❌ GERMANY 1930 – 2018: In an interview with Radio Berlin, German Jewish leader warned residents not to wear kippah in public areas amid spate of anti-Semitic attacks carried out by IslamoNazis.
President of the Central Council of Jews in Germany, Josef Schuster, said he would advise people visiting big cities against wearing Jewish skullcaps, following an anti-Semitic attack by a Syrian ‘refugee’ last week on an Arab Israeli young man wearing it.
“I recommend wearing a hat or other head covering,” Schuster said, stressing that the attack on Jews in Germany was not solely due to anti-Semitism. “It also comes with racism and xenophobia. We must put a stop to these phenomena immediately.”

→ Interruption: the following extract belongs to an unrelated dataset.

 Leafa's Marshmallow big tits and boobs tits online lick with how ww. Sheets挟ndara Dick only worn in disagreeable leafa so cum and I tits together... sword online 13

The 21-year-old victim of the anti-Semitic attack on the streets of Berlin has told German media that, despite the fact that he was wearing a kippah, he was not Jewish, but an Israeli Arab wearing the kippah as an experiment.

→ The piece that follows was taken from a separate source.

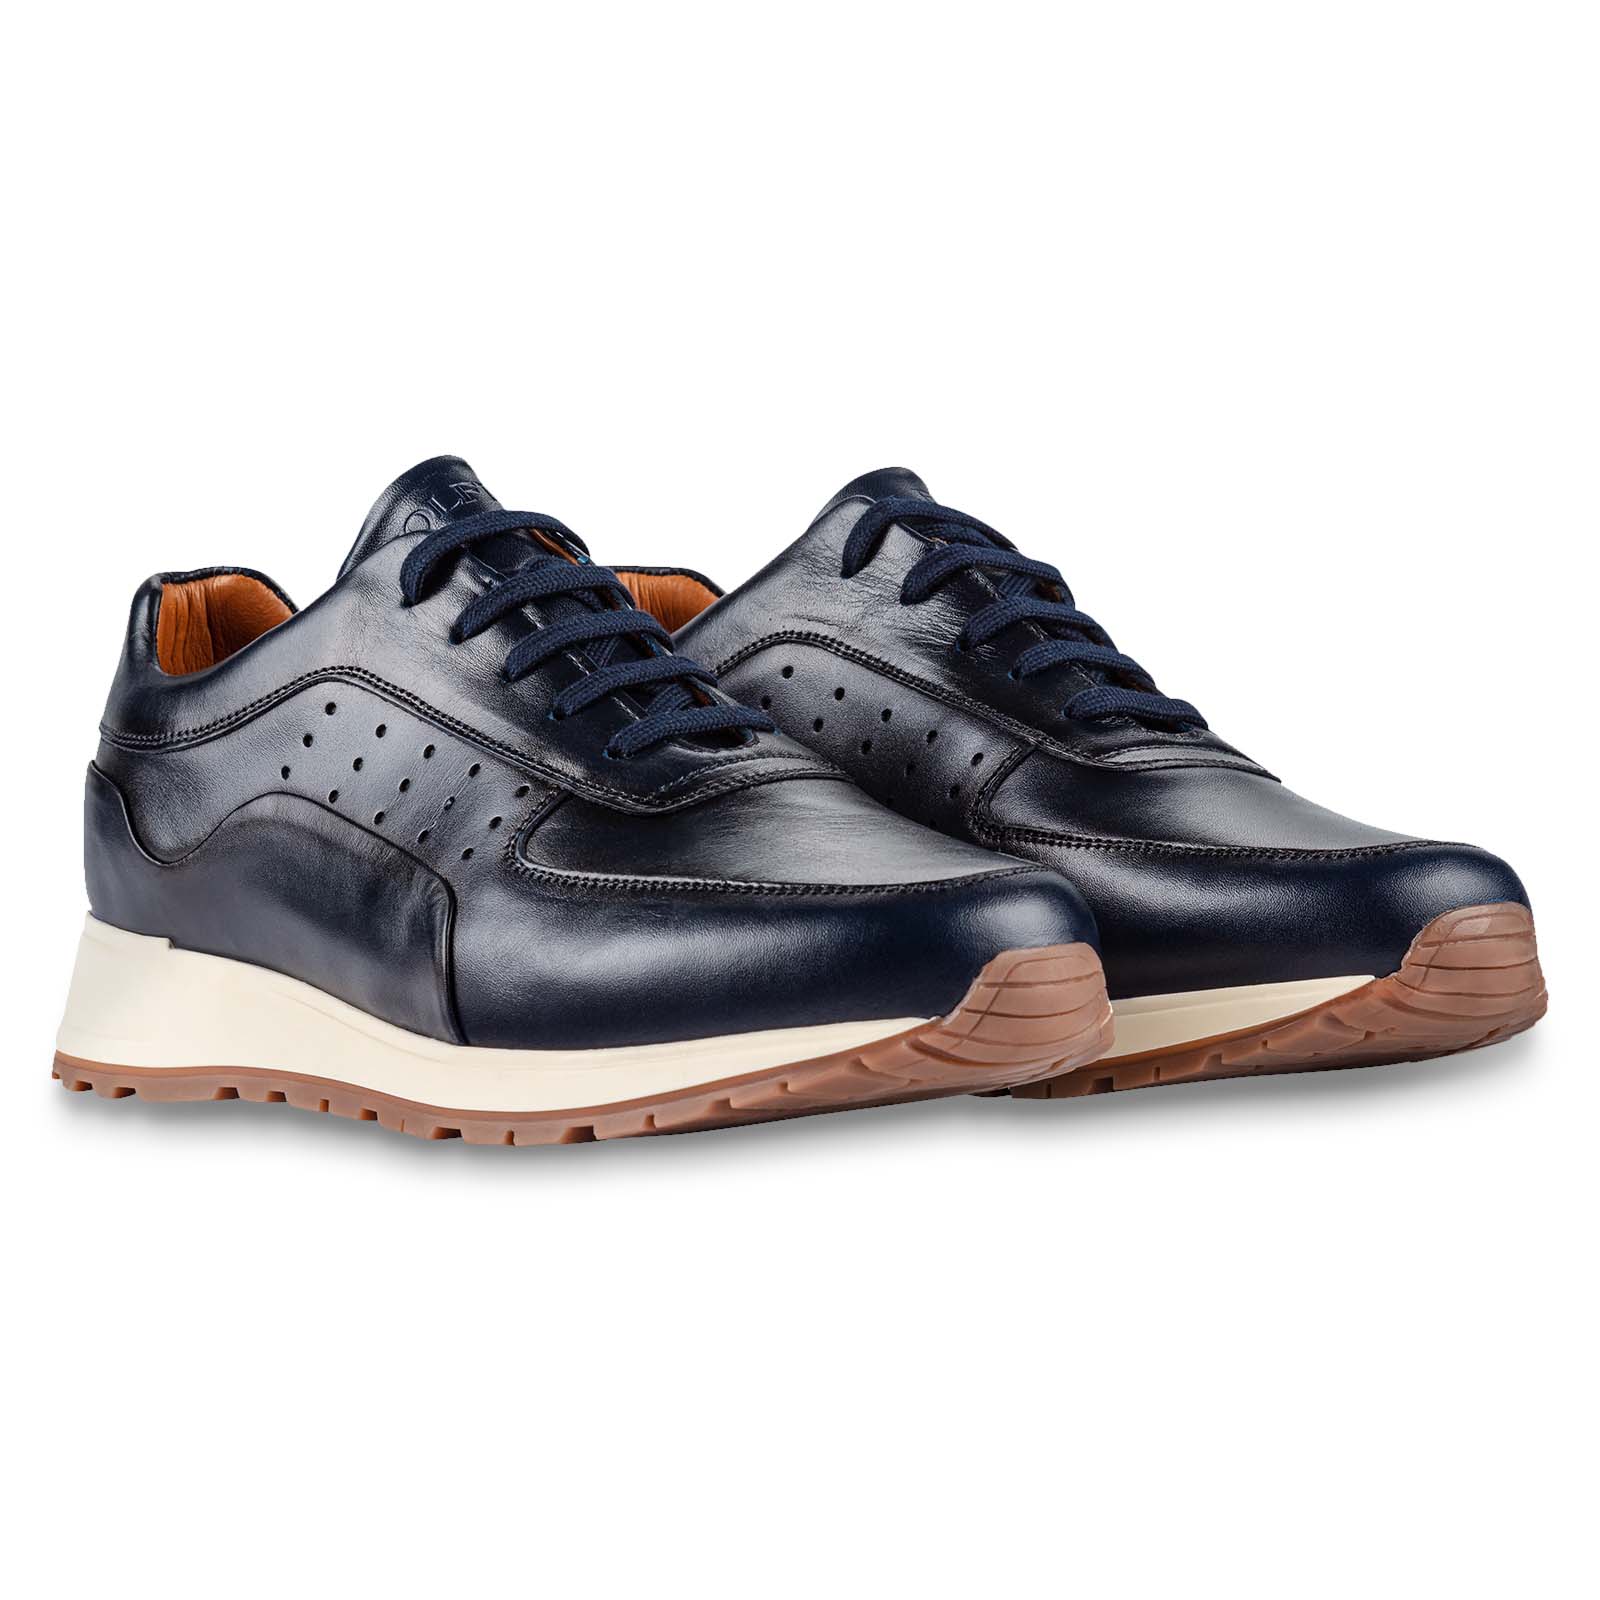 Men's golf shoes with a sporty touch

“I’m not Jewish, I’m an Israeli, I grew up in Israel in an Arab family,” the man told German broadcaster Deutsche Welle.
He was conducting what he termed an “experiment” in response to a warning from a friend that wearing a kippah in Germany was unsafe, saying he refused to believe this.
An interview by Israeli broadcaster Kann identified the 21-year-old as Israeli Adam Armoush and showed that he was slightly injured by the belt.
“They kept cursing us and my friend asked them to stop cursing,” Armoush told Kan TV. “They started to get angry and one of them ran to me and I knew it was important to film it because there would be no way to catch him by the time police arrived.”
“Honestly, I’m surprised a thing like this could happen,” he said in the interview.
German Chancellor Angela Merkel called attack in the city’s trendy Prenzlauer Berg neighborhood “a very horrible incident” and vowed the government would respond “with full force and resolve” against growing anti-Semitism in Germany.